Il giorno mer 30 nov 2022 alle ore 16:04 Dave Taht
<dave.taht@gmail.com> ha scritto:
>
> On Wed, Nov 30, 2022 at 5:15 AM Daniele Palmas <dnlplm@gmail.com> wrote:
> >
> > Hello maintainers and all,
> >
> > this patchset implements tx qmap packets aggregation in rmnet and generic
> > ethtool support for that.
> >
> > Some low-cat Thread-x based modems are not capable of properly reaching the maximum
> > allowed throughput both in tx and rx during a bidirectional test if tx packets
> > aggregation is not enabled.
> >
> > I verified this problem with rmnet + qmi_wwan by using a MDM9207 Cat. 4 based modem
> > (50Mbps/150Mbps max throughput). What is actually happening is pictured at
> > https://drive.google.com/file/d/1gSbozrtd9h0X63i6vdkNpN68d-9sg8f9/view
>
> Thank you for documenting which device this is. Is it still handing in
> 150ms of bufferbloat in good conditions,
> and 25 seconds or so in bad?
>

New Flent test results available at
https://drive.google.com/drive/folders/1-rpeuM2Dg9rVdYCP0M84K4Ook5kcZTWc?usp=share_link

From what I can understand, it seems to me a bit better, but not
completely sure how much is directly related to the changes of v2.

Regards,
Daniele
Dave Taht Dec. 1, 2022, 3:22 p.m. UTC | #3
On Thu, Dec 1, 2022 at 2:55 AM Daniele Palmas <dnlplm@gmail.com> wrote:
>
> Hello Dave,
>
> Il giorno mer 30 nov 2022 alle ore 16:04 Dave Taht
> <dave.taht@gmail.com> ha scritto:
> >
> > On Wed, Nov 30, 2022 at 5:15 AM Daniele Palmas <dnlplm@gmail.com> wrote:
> > >
> > > Hello maintainers and all,
> > >
> > > this patchset implements tx qmap packets aggregation in rmnet and generic
> > > ethtool support for that.
> > >
> > > Some low-cat Thread-x based modems are not capable of properly reaching the maximum
> > > allowed throughput both in tx and rx during a bidirectional test if tx packets
> > > aggregation is not enabled.
> > >
> > > I verified this problem with rmnet + qmi_wwan by using a MDM9207 Cat. 4 based modem
> > > (50Mbps/150Mbps max throughput). What is actually happening is pictured at
> > > https://drive.google.com/file/d/1gSbozrtd9h0X63i6vdkNpN68d-9sg8f9/view
> >
> > Thank you for documenting which device this is. Is it still handing in
> > 150ms of bufferbloat in good conditions,
> > and 25 seconds or so in bad?
> >
>
> New Flent test results available at
> https://drive.google.com/drive/folders/1-rpeuM2Dg9rVdYCP0M84K4Ook5kcZTWc?usp=share_link
>
> From what I can understand, it seems to me a bit better, but not
> completely sure how much is directly related to the changes of v2.
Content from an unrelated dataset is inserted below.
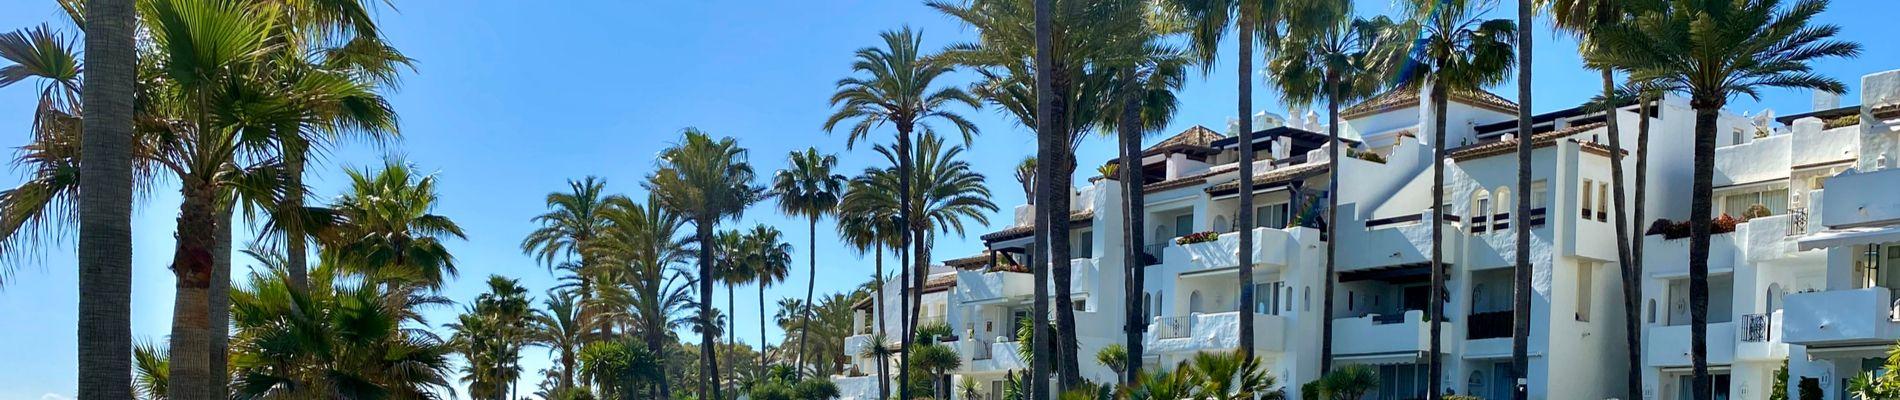 off-plan property in Spain

Anything that can shorten the round trips being experienced by the
flows such as yours and wedge more data packets in would be a
goodness.

A switch to using the "BBR" congestion controller might be a vast
improvement over what I figure is your default of cubic. On both
server and client....

modprobe tcp_bbr
sysctl -w net.ipv4.tcp_congestion_control=bbr

And rerun your tests.

Over the years we've come up with multiple mechanisms for fixing this
on other network subsystems (bql, aql, tsq, etc, etc), but something
that could track a "completion" - where we knew the packet had finally
got "in the air" and out of the device would be best. It's kind of
hard to convince everyone to replace their congestion controller.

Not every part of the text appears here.